Introduction: The nicotinic acetylcholine receptor (nAChR) gene cluster CHRNA5-A3-B4 on chromosome 15 has been the subject of a considerable body of research over recent years. Two highly correlated single nucleotide polymorphisms (SNPs) within this region--rs16969968 in CHRNA5 and rs1051730 in CHRNA3--have generated particular interest.
Methods: We reviewed the literature relating to SNPs rs16969968 and rs1051730 and smoking-related phenotypes, and clinical and preclinical studies, which shed light on the mechanisms underlying these associations.

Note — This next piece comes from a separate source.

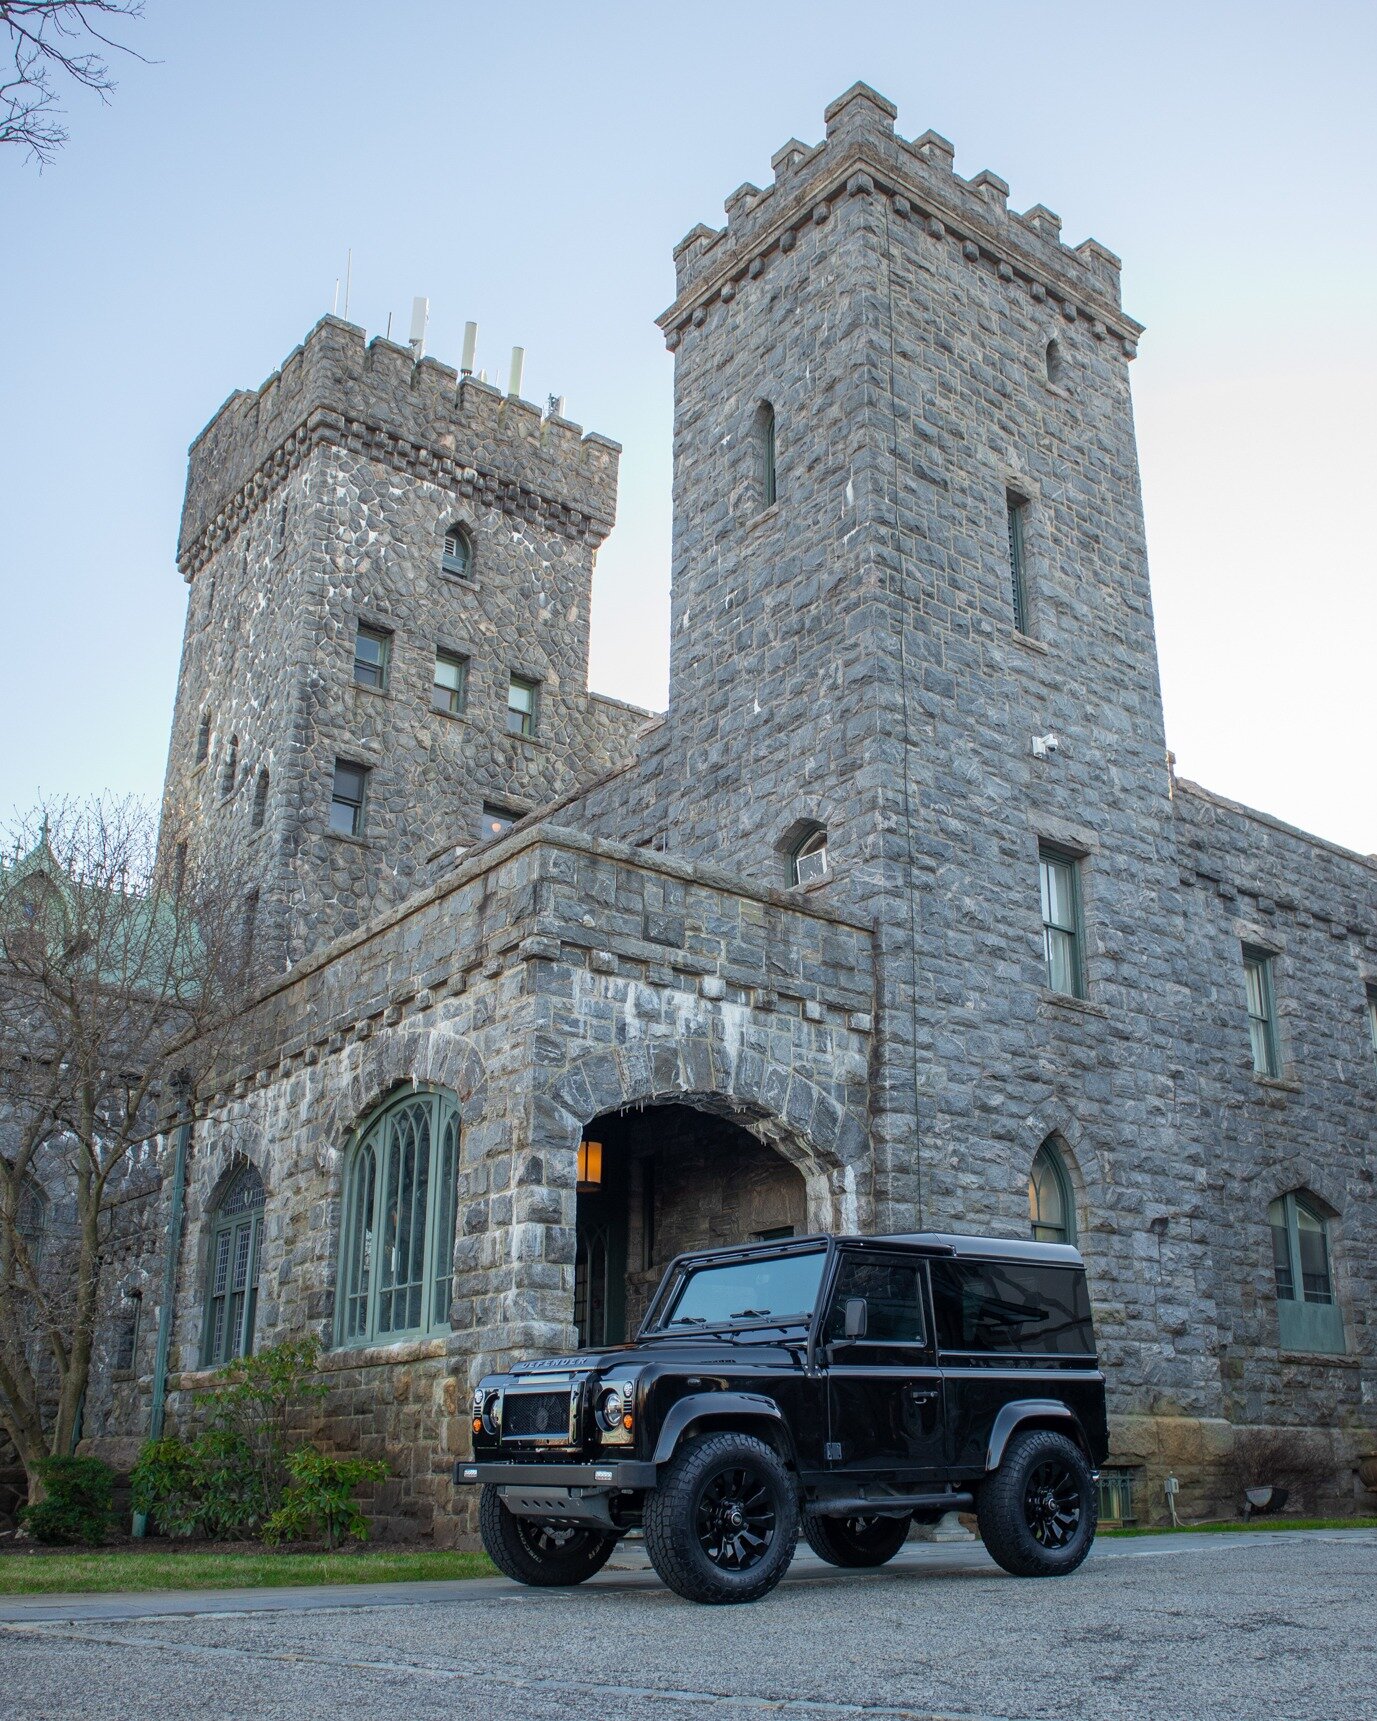 Our restored 1992 Land Rover Defender 90 stands tall in the shadow of a castle, a symbol of strength and heritage.

#landrover #defender90 #defender #landy #custom #restoration #handcrafted #classiccar #truck #bespoke #urban #classic #vintage #advent

Results: Following the initial discovery of an association between this locus and smoking behavior, further associations with numerous phenotypes have been subsequently identified, including smoking-related behaviors, diseases, and cognitive phenotypes. Potential mechanisms thought to underlie these have also been described, as well as possible gene × environment interaction effects.
Conclusions: Perhaps counter to the usual route of scientific inquiry, these initial findings, based exclusively on human samples and strengthened by their identification through agnostic genome-wide methods, have led to preclinical research focused on determining the mechanism underlying these associations. Progress has been made using knockout mouse models, highlighting the importance of α5 nAChR subunits in regulating nicotine intake, particularly those localized to the habenula-interpeduncular nucleus pathway. Translational research seeking to evaluate the effect of nicotine challenge on brain activation as a function of rs16969968 genotype using neuroimaging technologies is now called for, which may point to new targets for novel smoking cessation therapies.